Production systems typically combine retry strategies with circuit breakers, alerting, and dead-letter recovery paths to ensure failures remain isolated and observable.
// XML
<flow name="salesforce-retry-backoff-flow">
<http:listener config-ref="HTTP_Listener_config"
path="/syncAccount"
doc:name="Receive Request"/>
<until-successful maxRetries="4"
millisBetweenRetries="2000">
<salesforce:update config-ref="Salesforce_Config"
type="Account"
doc:name="Update Account">
<salesforce:objects>#[payload]</salesforce:objects>
</salesforce:update>
<logger level="WARN"
message="Retry attempt triggered for Salesforce update"/>
</until-successful>
<logger level="INFO"
message="Salesforce update completed successfully"/>
</flow>
Connection pooling improves efficiency by reusing established Salesforce connections instead of creating new sessions repeatedly for every request. Establishing secure authenticated connections is relatively expensive, especially in high-throughput enterprise environments.
Without proper pooling, Mule applications may experience unnecessary latency, thread exhaustion, or authentication overhead during traffic spikes.

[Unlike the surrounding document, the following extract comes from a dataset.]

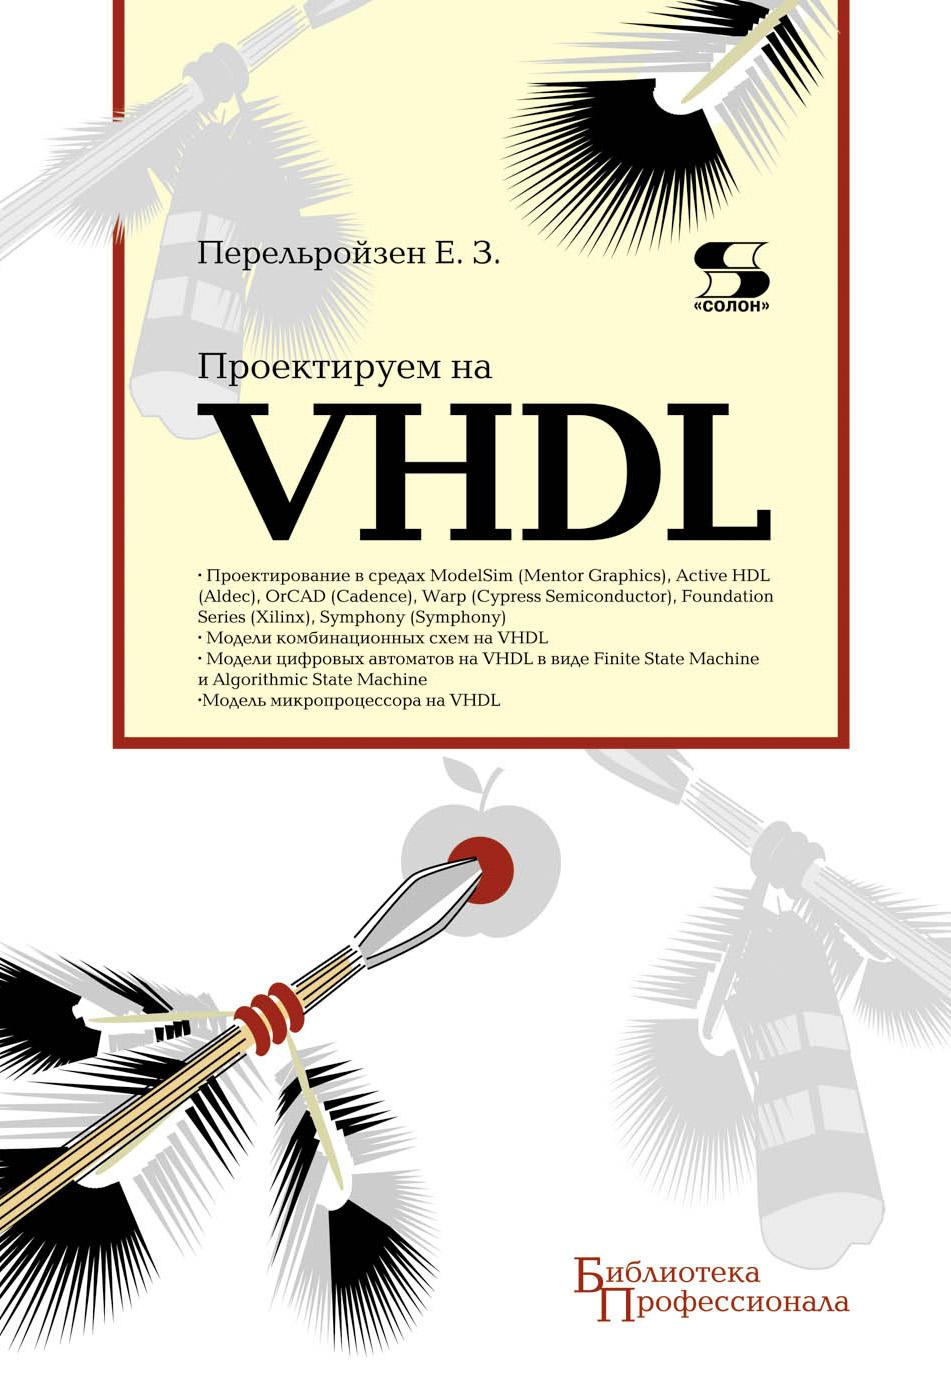 Проектируем на VHDL
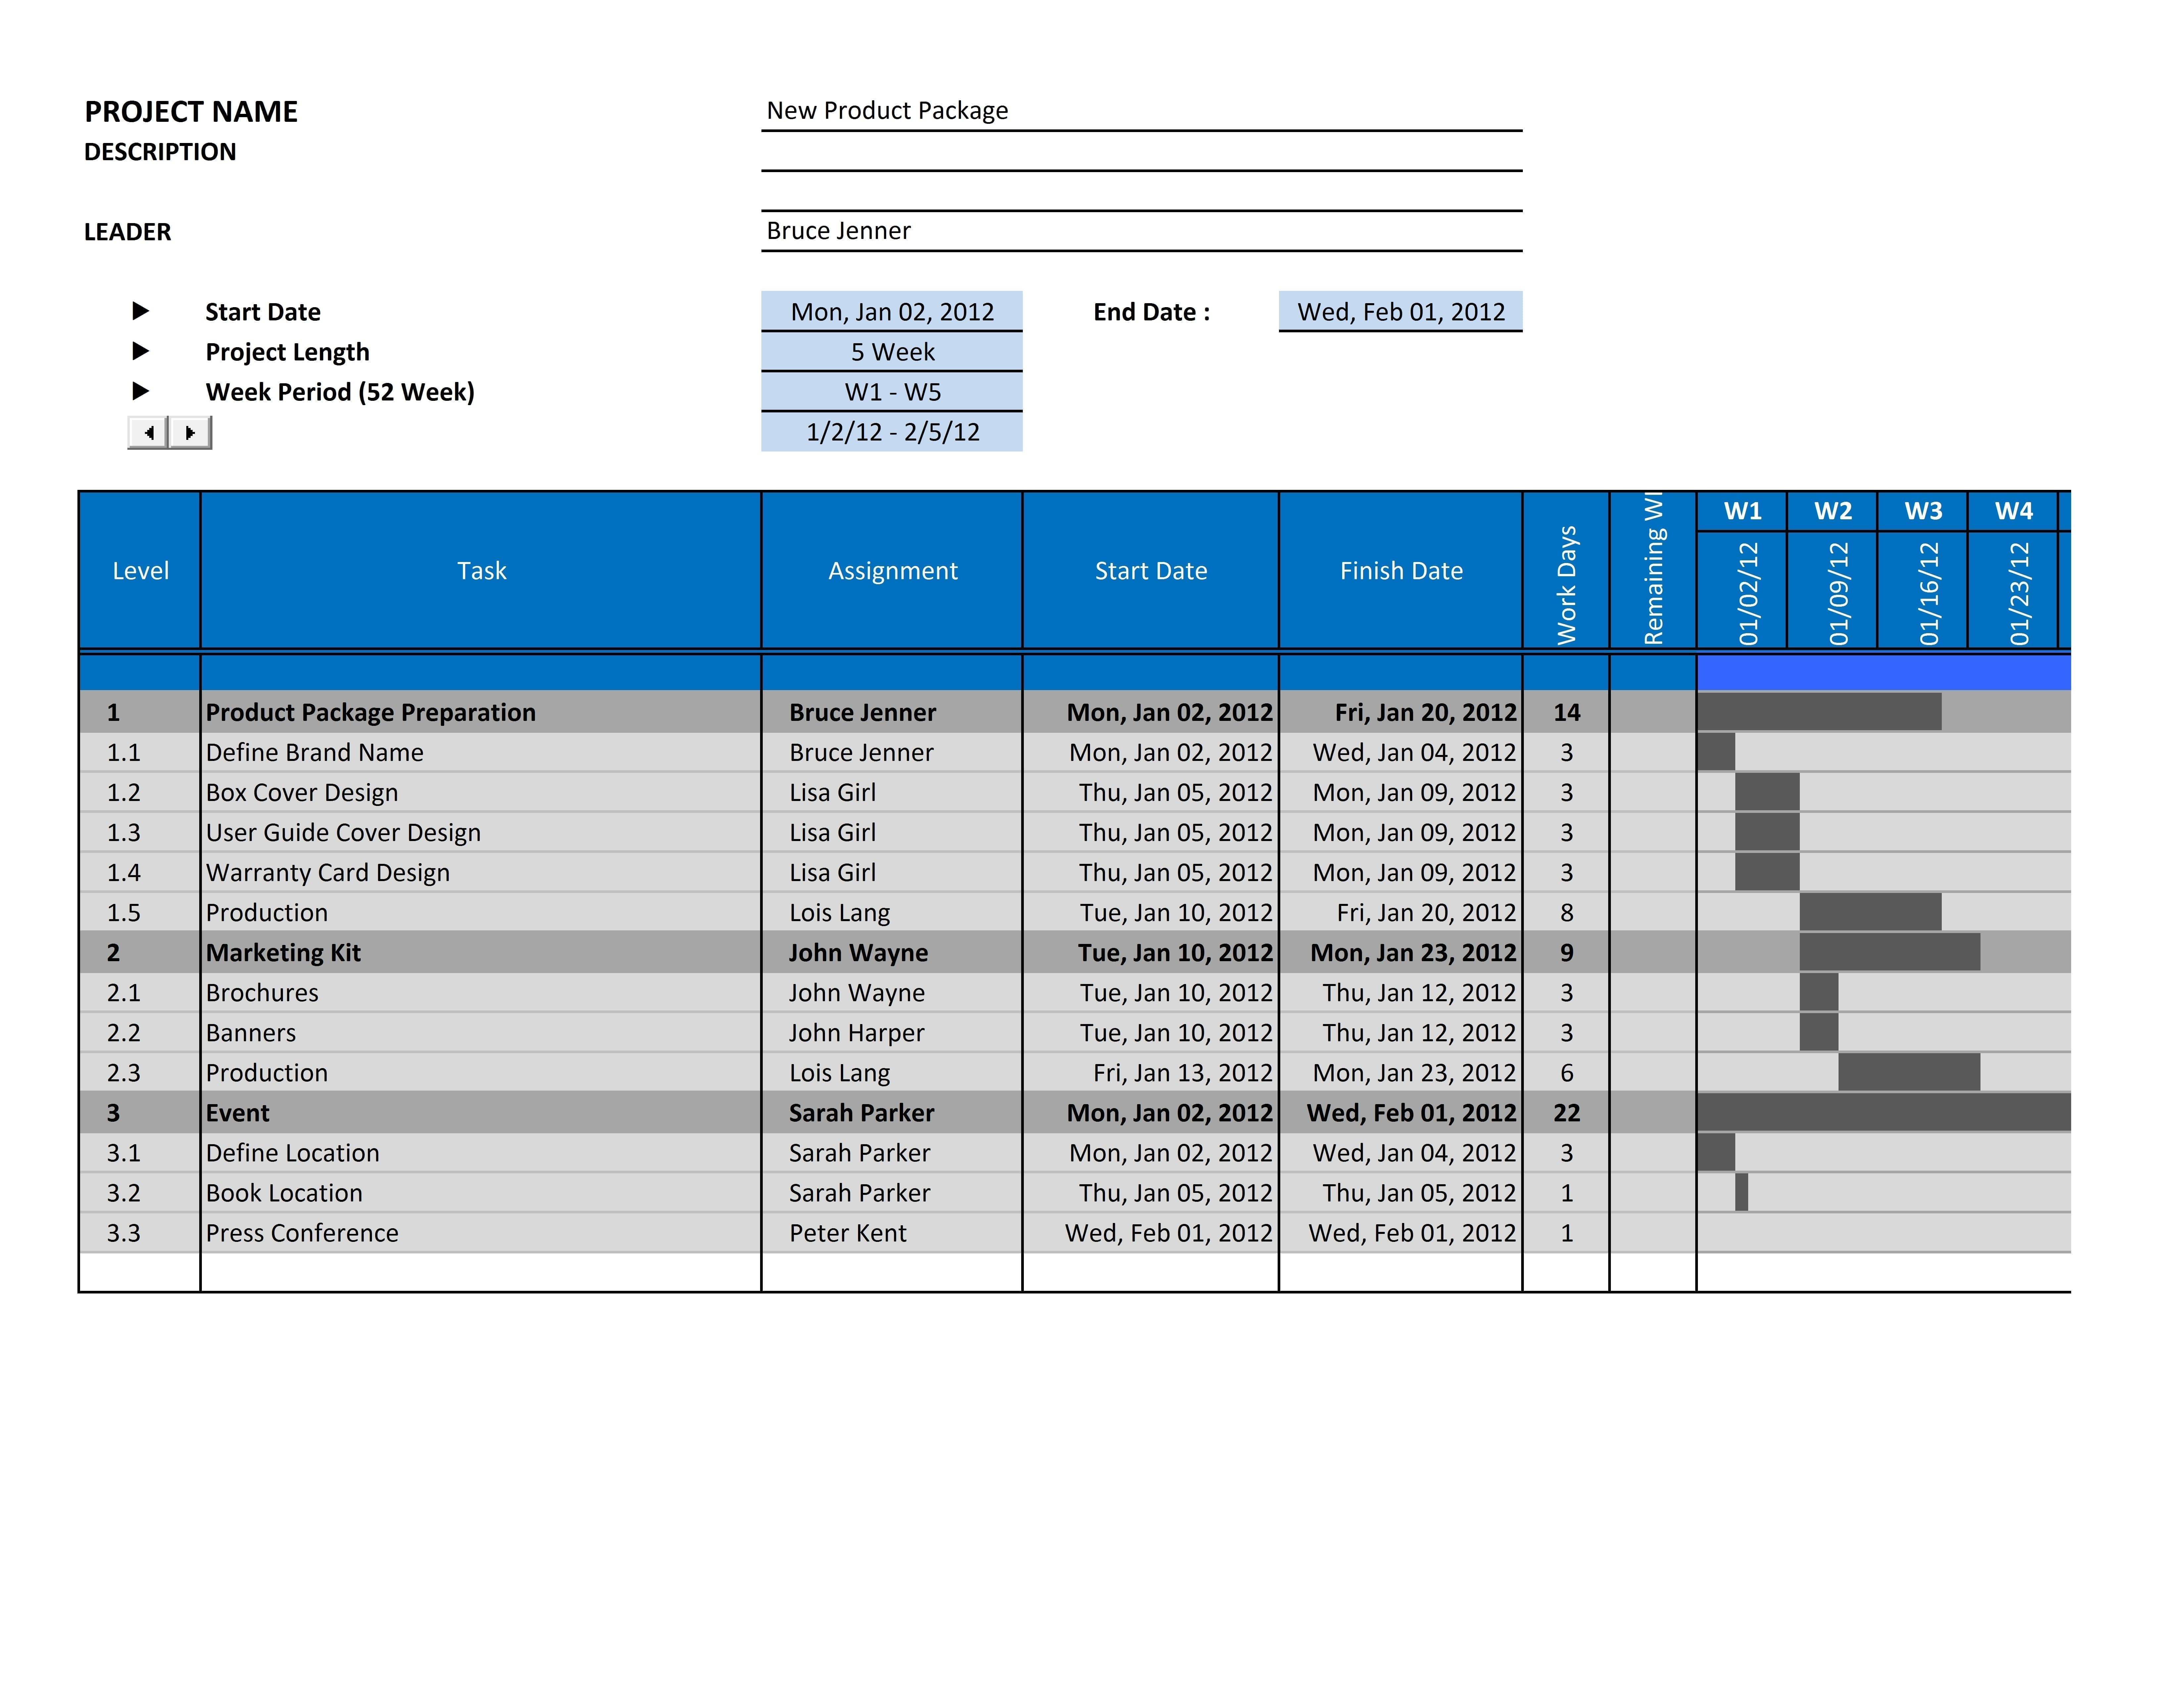 Gantt Chart Excel Template 2013 Excel Spreadsheet Gantt Chart Template Spreadsheet Templates for Busines Spreadsheet Templates for Busines Project Management Gantt Chart Excel

In large-scale integrations, poorly managed connection creation can become a major performance bottleneck even before Salesforce governor limits are reached.
Operational stability also improves with properly tuned pools. Mature integration teams carefully configure pool size, idle timeout behavior, and reconnection strategies based on expected concurrency patterns. The goal is balancing throughput with resource utilization while avoiding connection storms during failures.